Information provided |
- - -
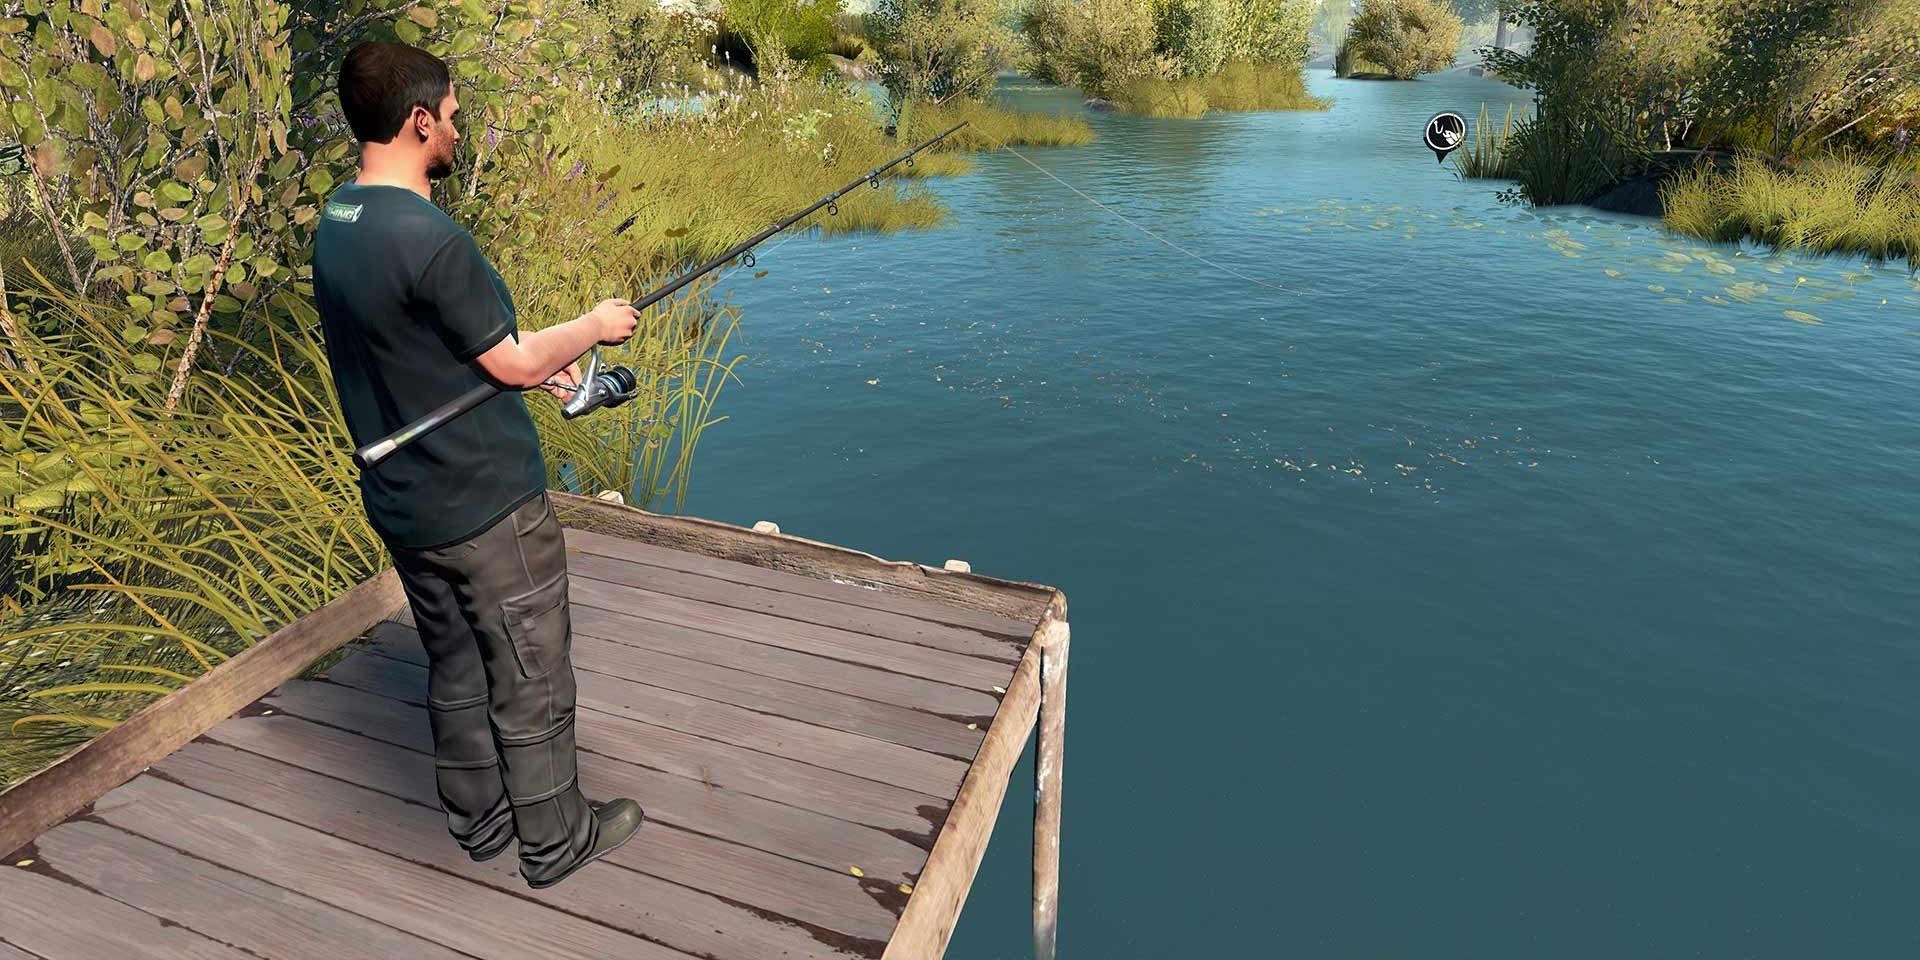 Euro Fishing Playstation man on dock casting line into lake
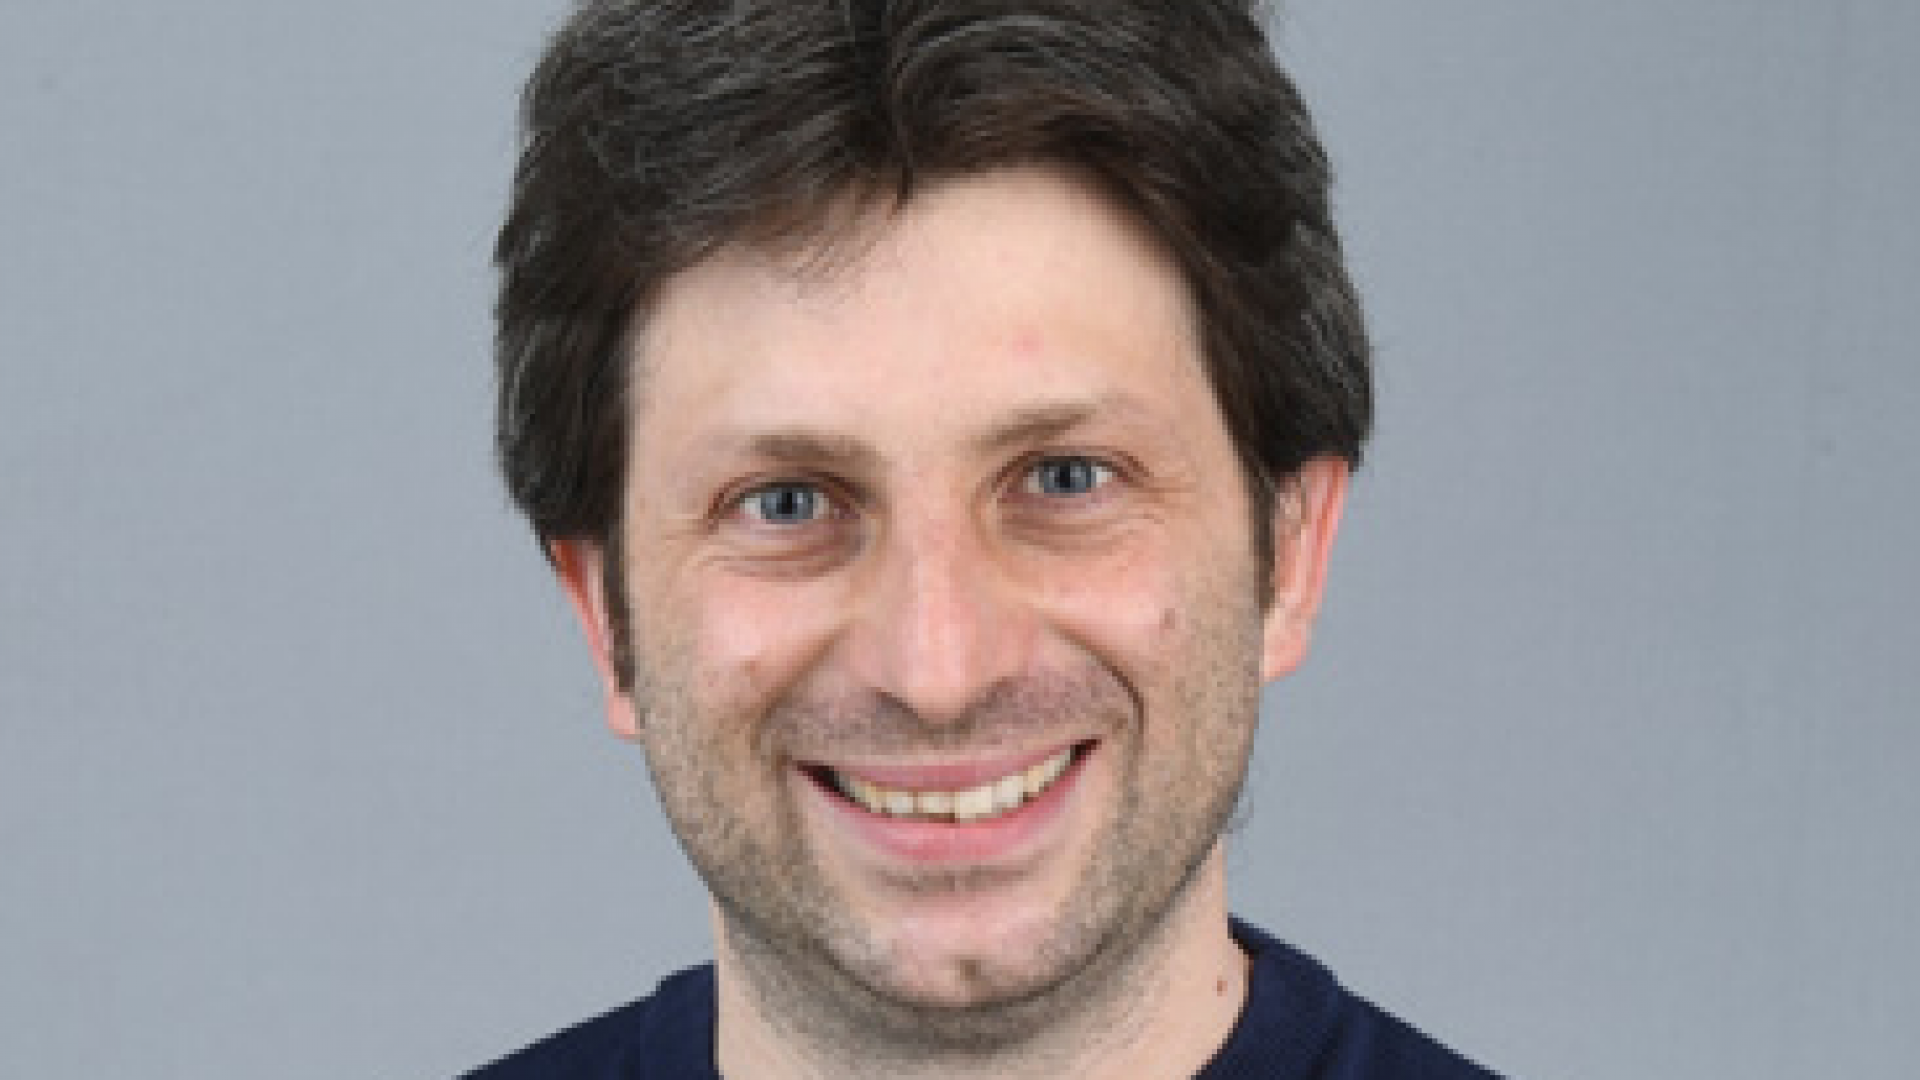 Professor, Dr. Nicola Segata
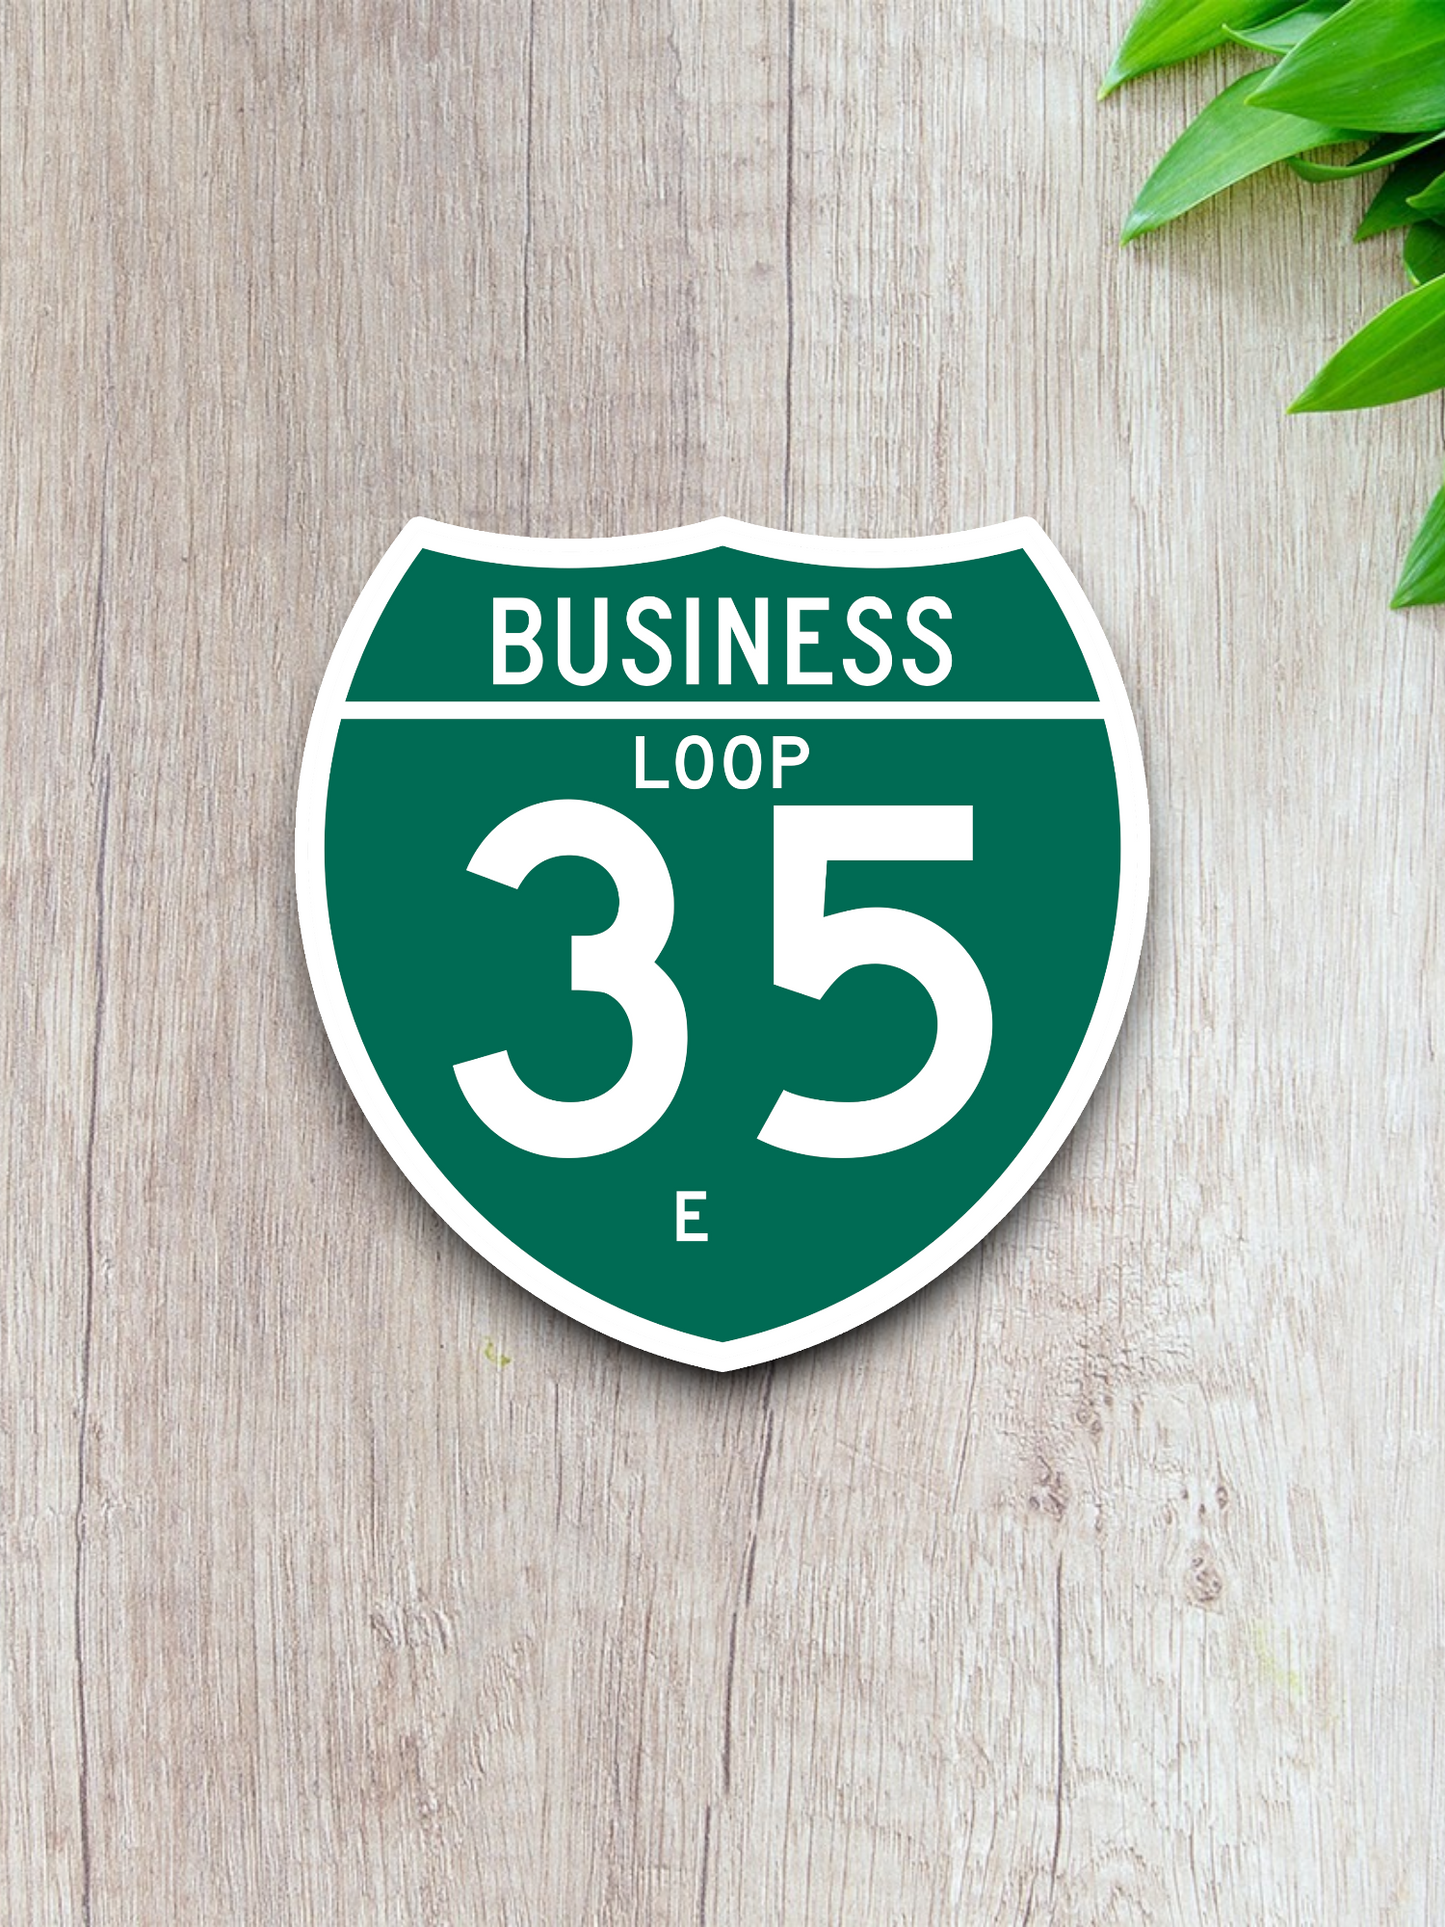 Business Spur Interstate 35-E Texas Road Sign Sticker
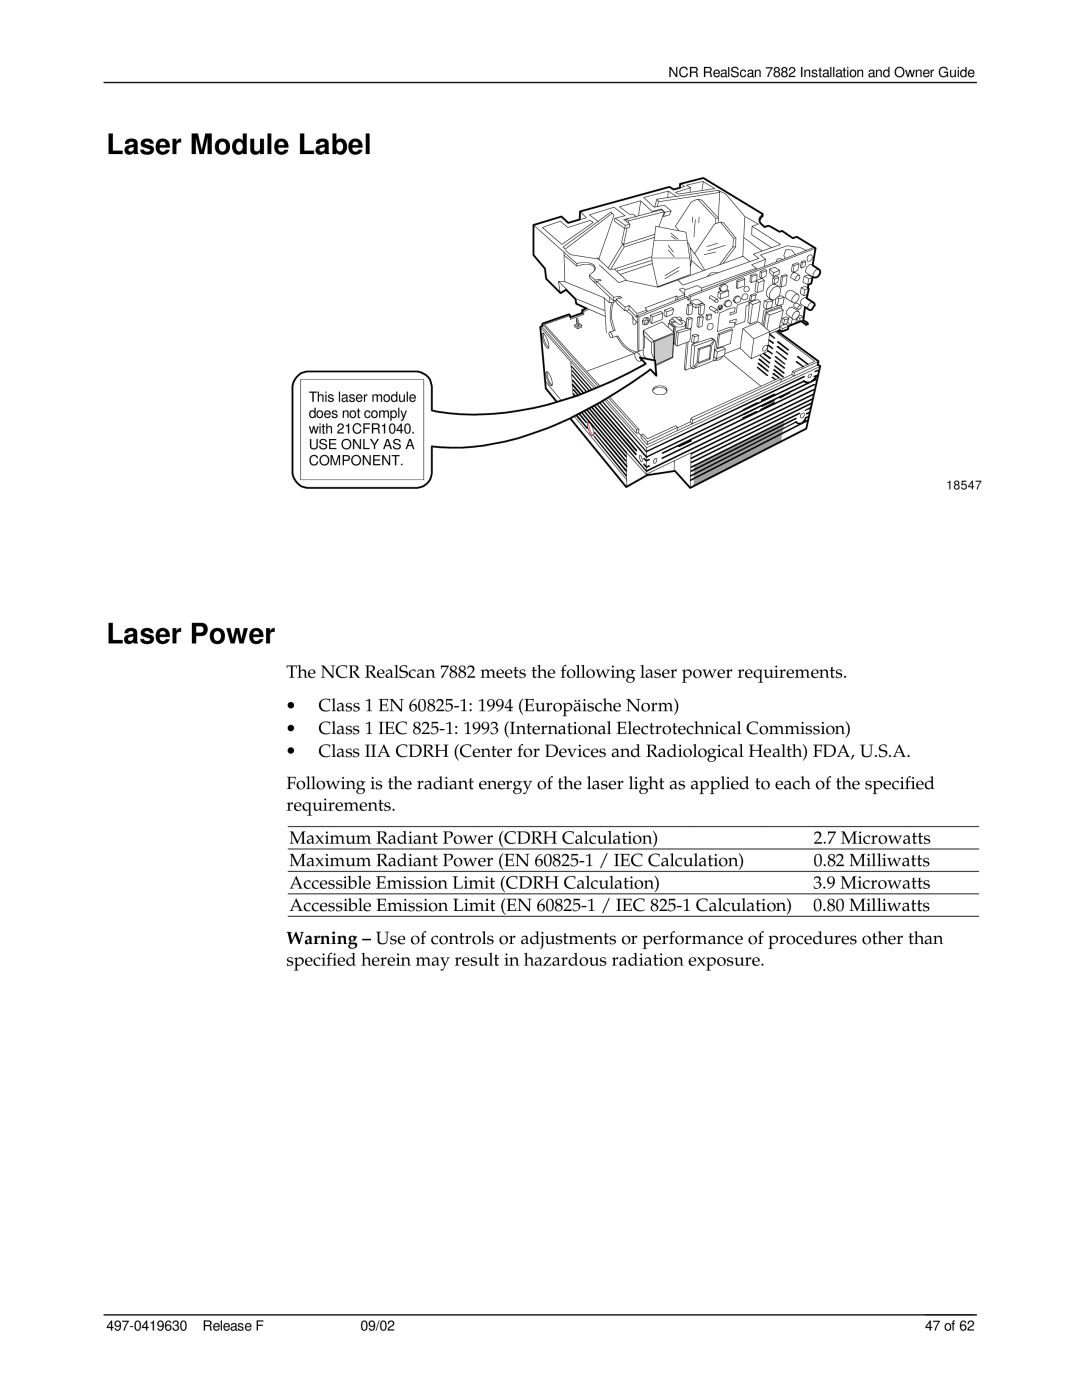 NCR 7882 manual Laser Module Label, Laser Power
- - -
Work order |
In full and without change, repeat the material above, minus the pictures.

Reply |
 Euro Fishing Playstation man on dock casting line into lake
 Professor, Dr. Nicola Segata
 Business Spur Interstate 35-E Texas Road Sign Sticker
 NCR 7882 manual Laser Module Label, Laser Power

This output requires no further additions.